Exercise directions:
Pictures stay out. Everything else in the entries is copied exactly.

┌─ Records provided

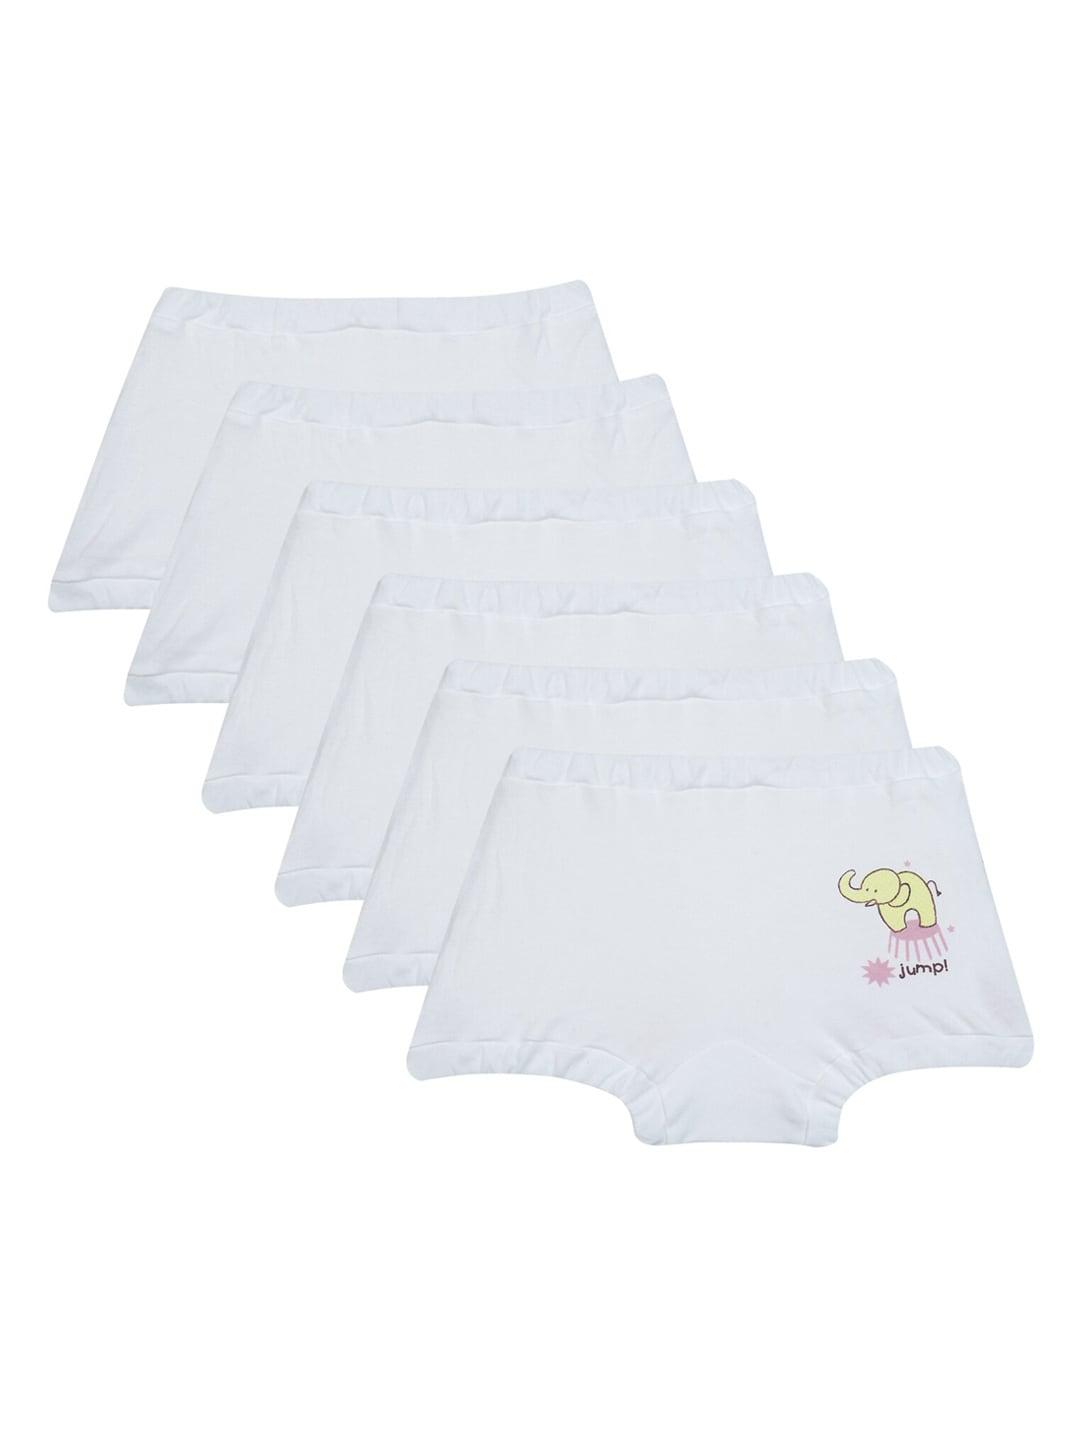 Bodycare Kids Boys Pack of 6 White Printed Cotton Trunks
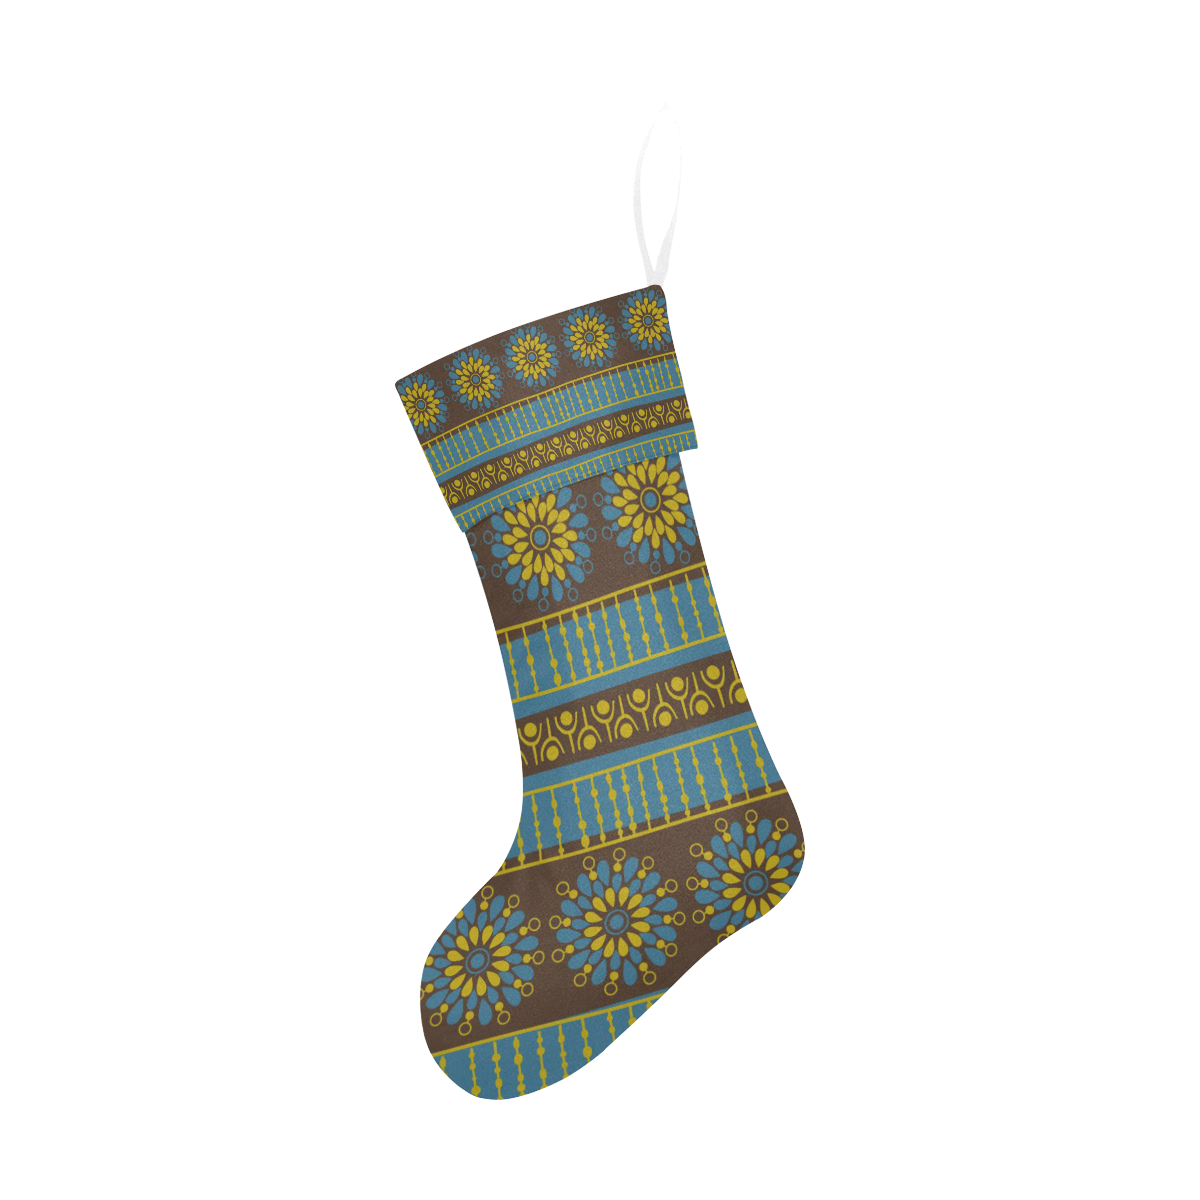 Ethnic BohemianTeal, Brown, and Green Christmas Stocking
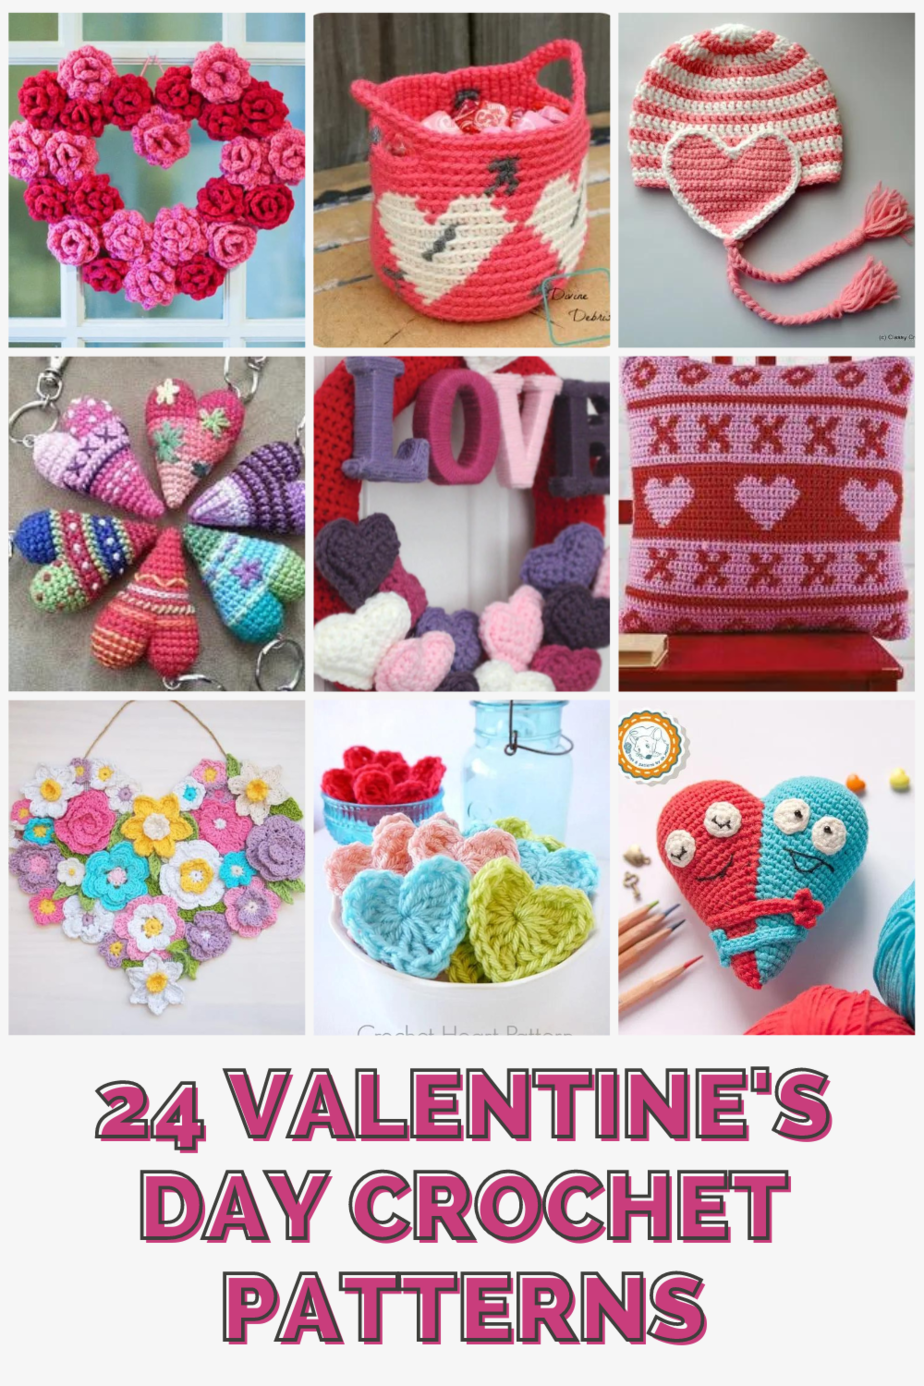 24 Valentine’s Day Crochet Patterns {Projects to put a little love on your hook!}
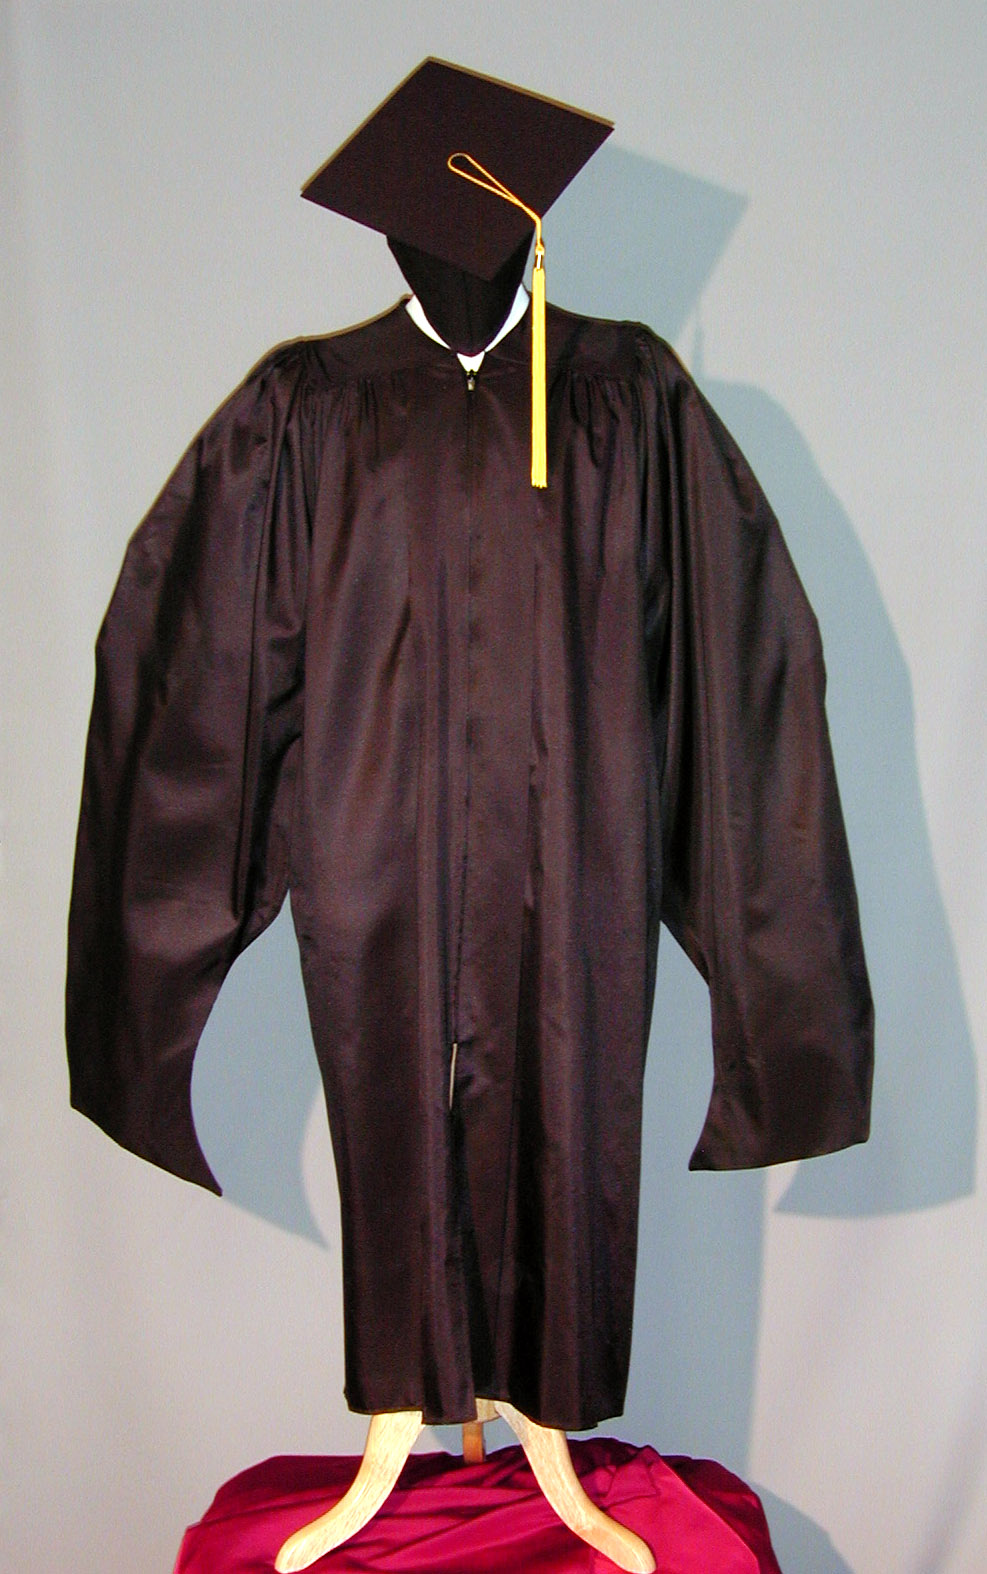 Masters Gown, Robe, Graduate, Faculty, Professional, Verona, Student
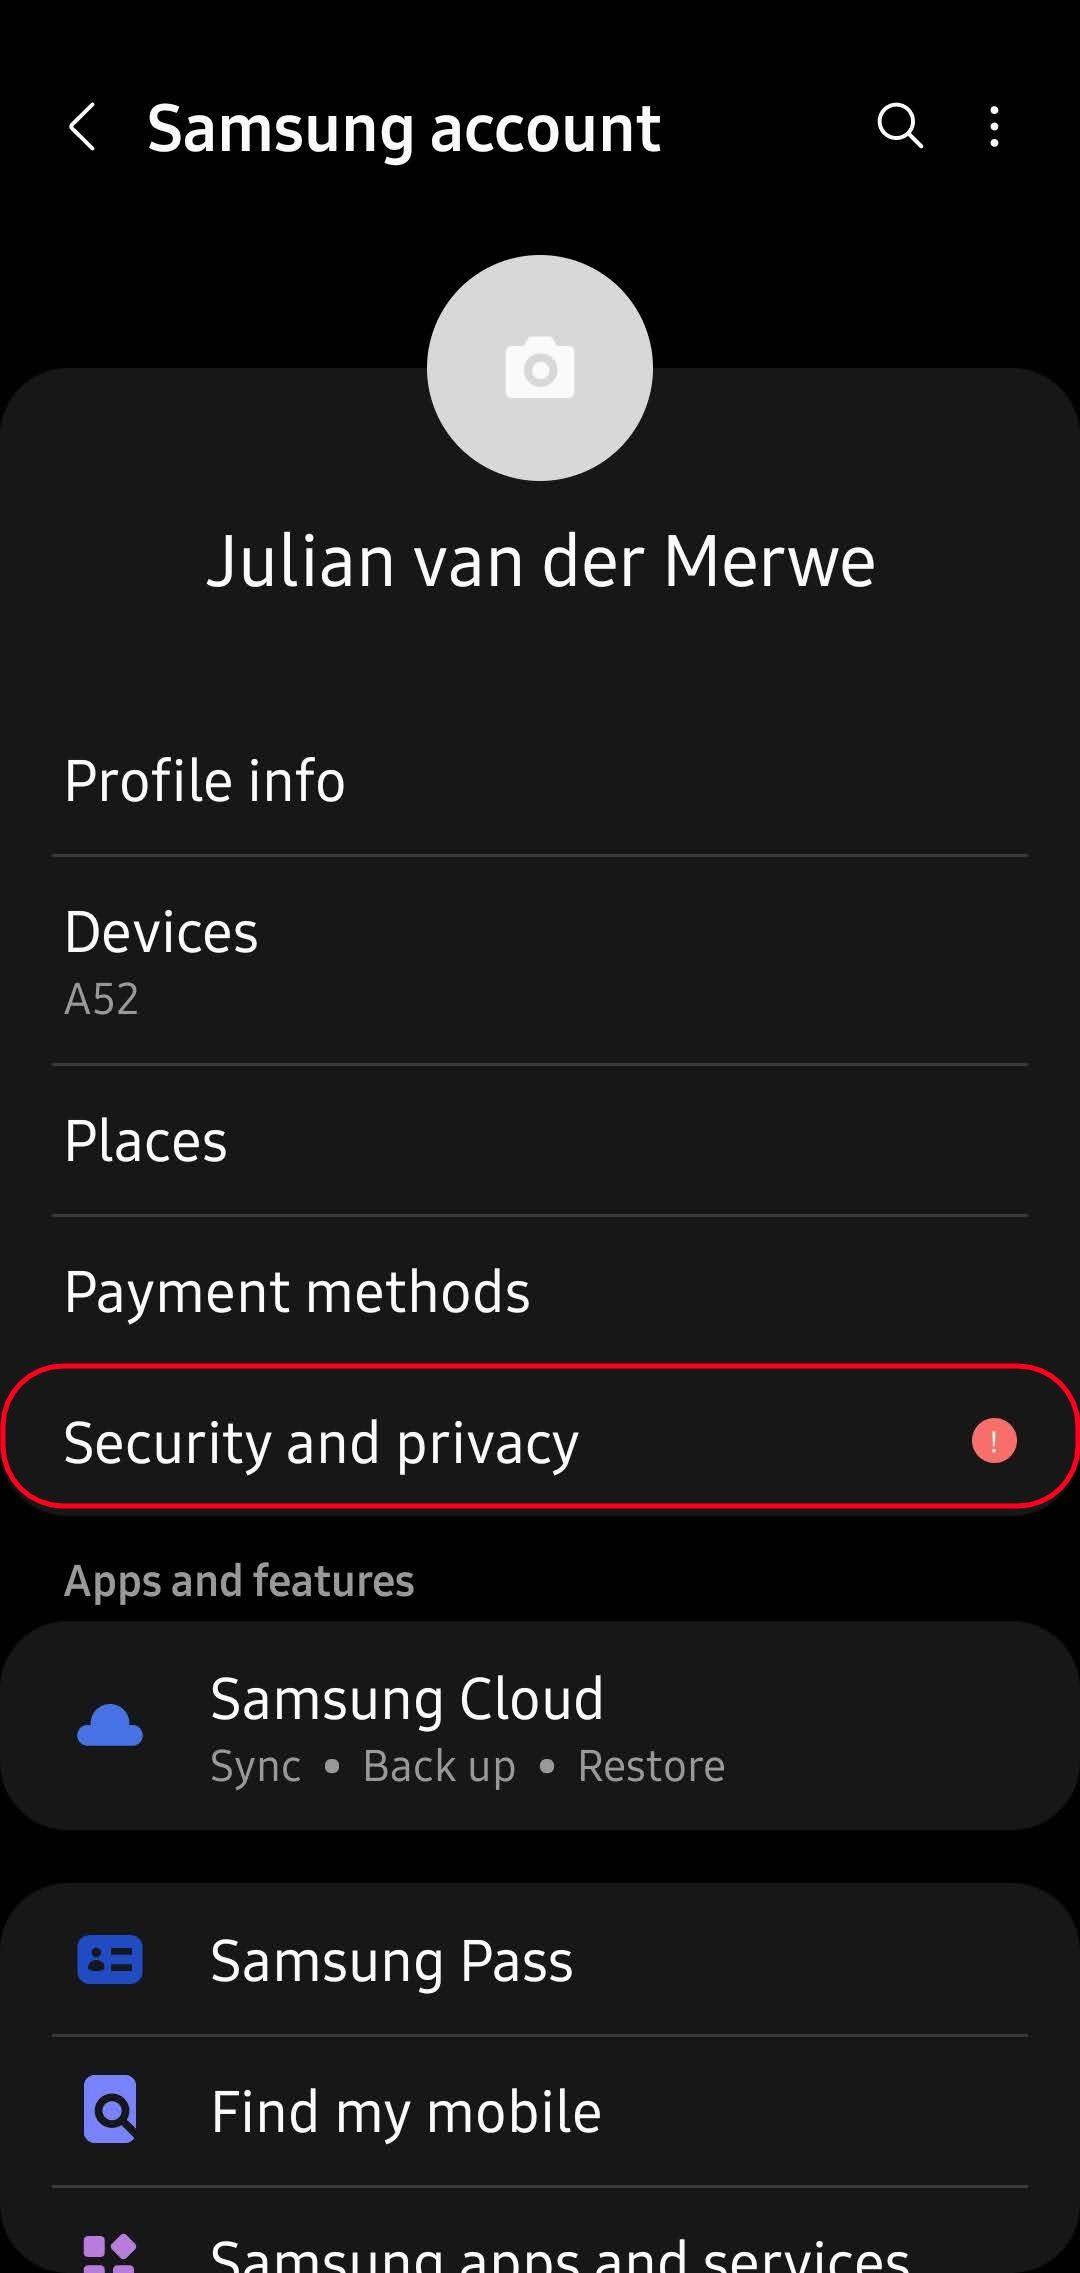 samsung account options with the security and privacy option highlighted.

└─

The answer:
 Bodycare Kids Boys Pack of 6 White Printed Cotton Trunks
 Ethnic BohemianTeal, Brown, and Green Christmas Stocking
 24 Valentine’s Day Crochet Patterns {Projects to put a little love on your hook!}
 Masters Gown, Robe, Graduate, Faculty, Professional, Verona, Student
 samsung account options with the security and privacy option highlighted.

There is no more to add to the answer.